══ Collected data

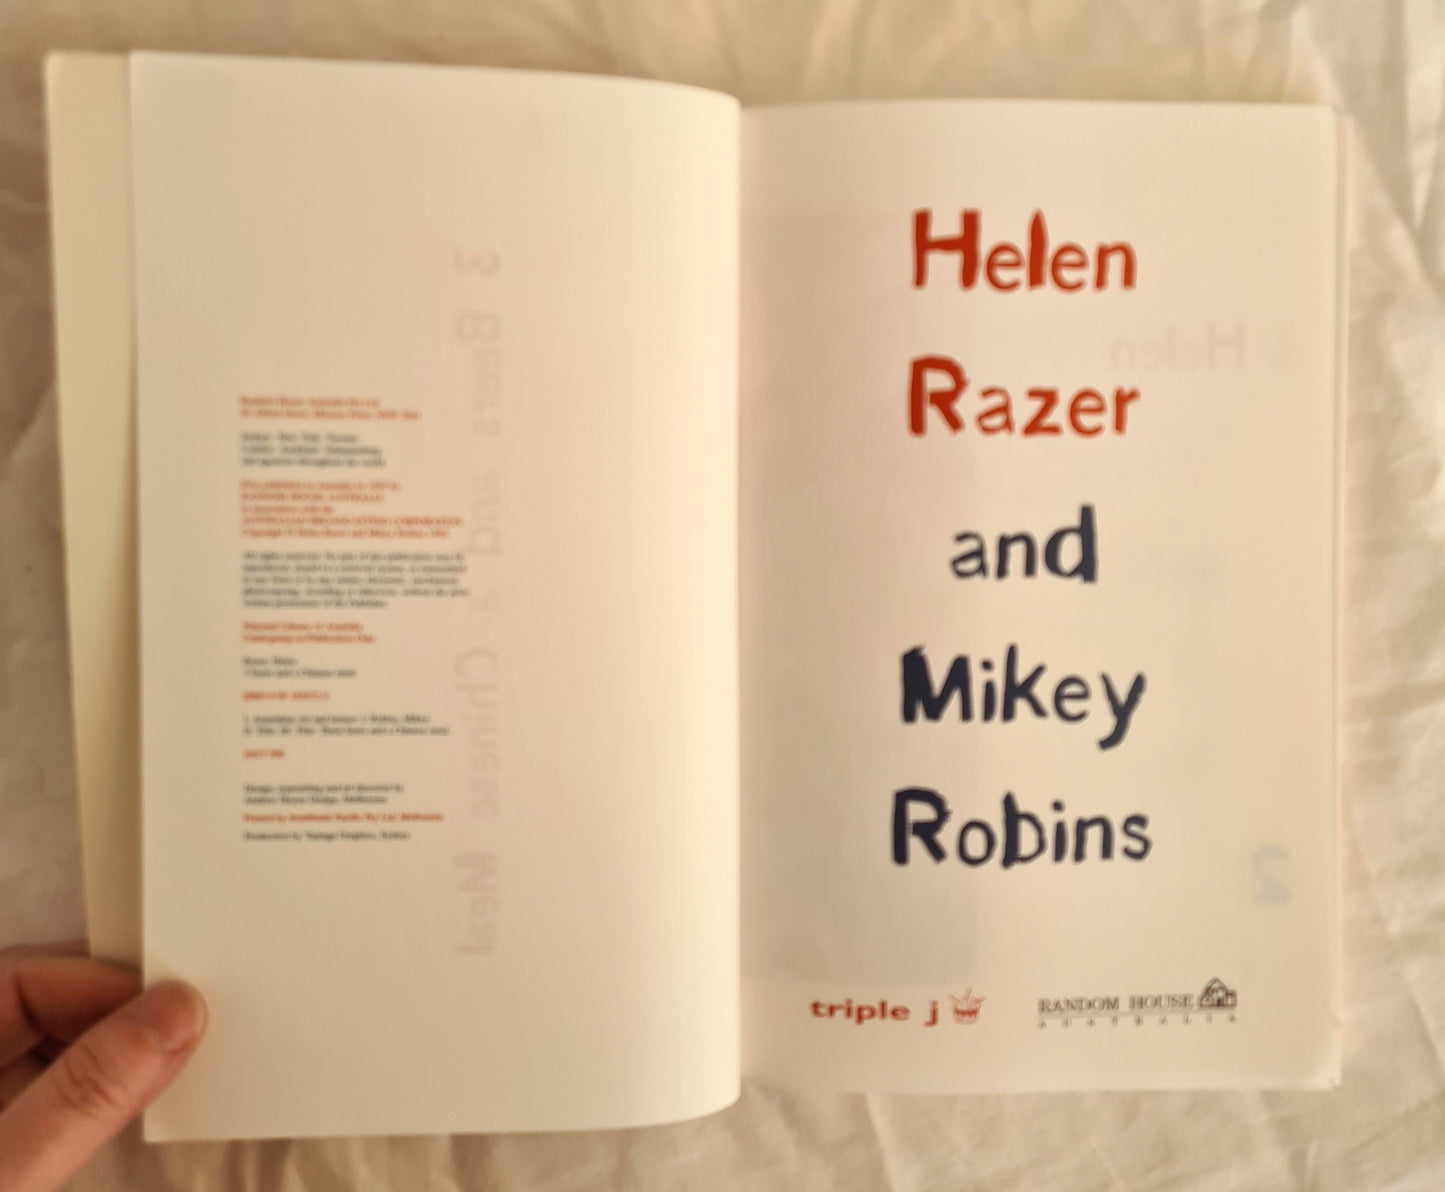 3 Beers and a Chinese Meal by Helen Razer and Mikey Robins
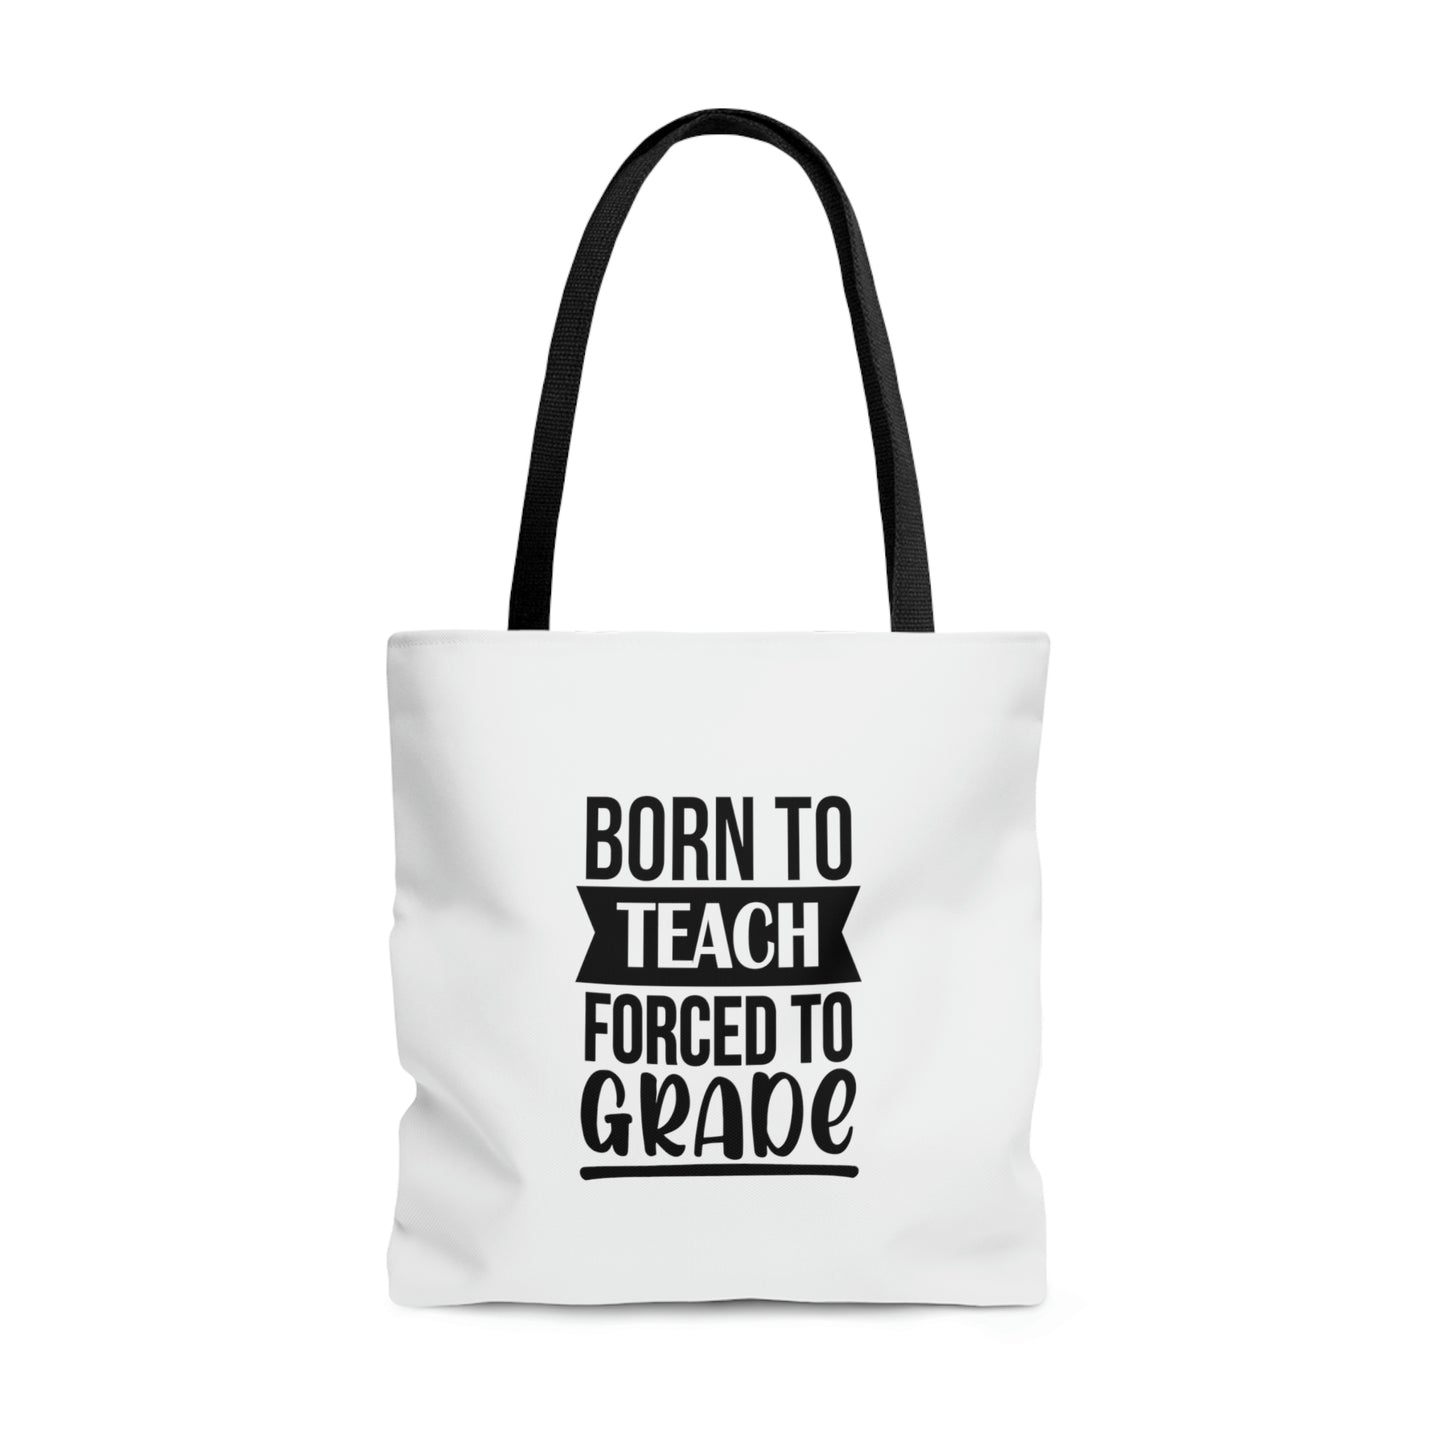 "Born to teach, forced to grade" Tote Bag !
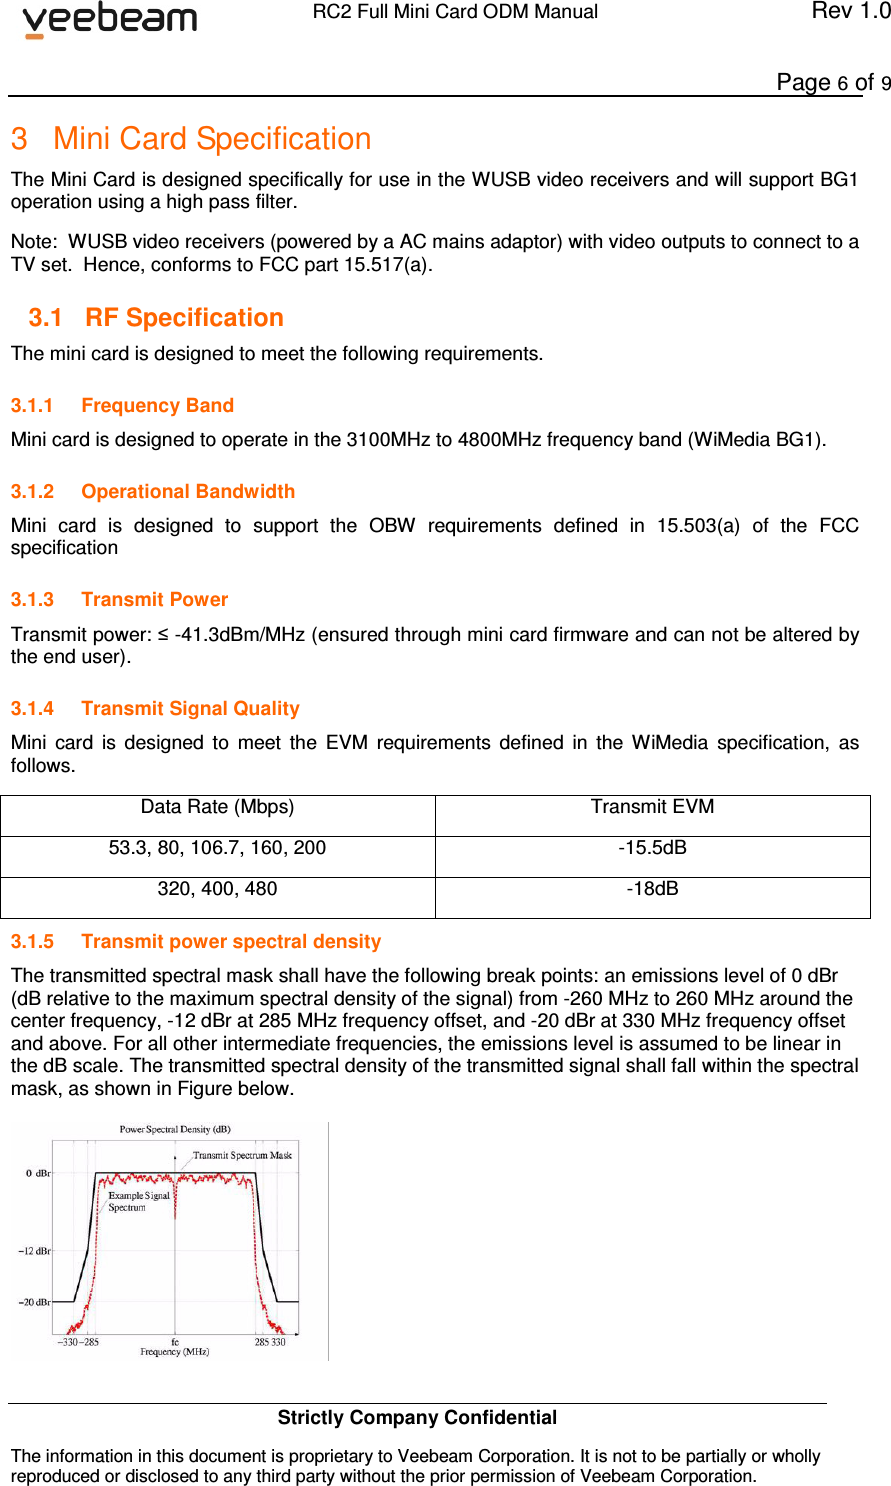             RC2 Full Mini Card ODM Manual  Rev 1.0      Page 6 of 9 Strictly Company Confidential The information in this document is proprietary to Veebeam Corporation. It is not to be partially or wholly reproduced or disclosed to any third party without the prior permission of Veebeam Corporation.   3  Mini Card Specification The Mini Card is designed specifically for use in the WUSB video receivers and will support BG1 operation using a high pass filter.  Note:  WUSB video receivers (powered by a AC mains adaptor) with video outputs to connect to a TV set.  Hence, conforms to FCC part 15.517(a). 3.1  RF Specification The mini card is designed to meet the following requirements. 3.1.1  Frequency Band Mini card is designed to operate in the 3100MHz to 4800MHz frequency band (WiMedia BG1). 3.1.2  Operational Bandwidth Mini  card  is  designed  to  support  the  OBW  requirements  defined  in  15.503(a)  of  the  FCC specification 3.1.3  Transmit Power Transmit power: ≤ -41.3dBm/MHz (ensured through mini card firmware and can not be altered by the end user). 3.1.4  Transmit Signal Quality Mini  card  is  designed  to  meet  the  EVM  requirements  defined  in  the  WiMedia  specification,  as follows. Data Rate (Mbps)  Transmit EVM 53.3, 80, 106.7, 160, 200  -15.5dB 320, 400, 480  -18dB 3.1.5  Transmit power spectral density The transmitted spectral mask shall have the following break points: an emissions level of 0 dBr (dB relative to the maximum spectral density of the signal) from -260 MHz to 260 MHz around the center frequency, -12 dBr at 285 MHz frequency offset, and -20 dBr at 330 MHz frequency offset and above. For all other intermediate frequencies, the emissions level is assumed to be linear in the dB scale. The transmitted spectral density of the transmitted signal shall fall within the spectral mask, as shown in Figure below.

════

Restate the material above word for word, so that nothing changes except that the pictures are gone.

## [Answer below]
 3 Beers and a Chinese Meal by Helen Razer and Mikey Robins
 "Born to teach, forced to grade" Tote Bag !
             RC2 Full Mini Card ODM Manual  Rev 1.0      Page 6 of 9 Strictly Company Confidential The information in this document is proprietary to Veebeam Corporation. It is not to be partially or wholly reproduced or disclosed to any third party without the prior permission of Veebeam Corporation.   3  Mini Card Specification The Mini Card is designed specifically for use in the WUSB video receivers and will support BG1 operation using a high pass filter.  Note:  WUSB video receivers (powered by a AC mains adaptor) with video outputs to connect to a TV set.  Hence, conforms to FCC part 15.517(a). 3.1  RF Specification The mini card is designed to meet the following requirements. 3.1.1  Frequency Band Mini card is designed to operate in the 3100MHz to 4800MHz frequency band (WiMedia BG1). 3.1.2  Operational Bandwidth Mini  card  is  designed  to  support  the  OBW  requirements  defined  in  15.503(a)  of  the  FCC specification 3.1.3  Transmit Power Transmit power: ≤ -41.3dBm/MHz (ensured through mini card firmware and can not be altered by the end user). 3.1.4  Transmit Signal Quality Mini  card  is  designed  to  meet  the  EVM  requirements  defined  in  the  WiMedia  specification,  as follows. Data Rate (Mbps)  Transmit EVM 53.3, 80, 106.7, 160, 200  -15.5dB 320, 400, 480  -18dB 3.1.5  Transmit power spectral density The transmitted spectral mask shall have the following break points: an emissions level of 0 dBr (dB relative to the maximum spectral density of the signal) from -260 MHz to 260 MHz around the center frequency, -12 dBr at 285 MHz frequency offset, and -20 dBr at 330 MHz frequency offset and above. For all other intermediate frequencies, the emissions level is assumed to be linear in the dB scale. The transmitted spectral density of the transmitted signal shall fall within the spectral mask, as shown in Figure below.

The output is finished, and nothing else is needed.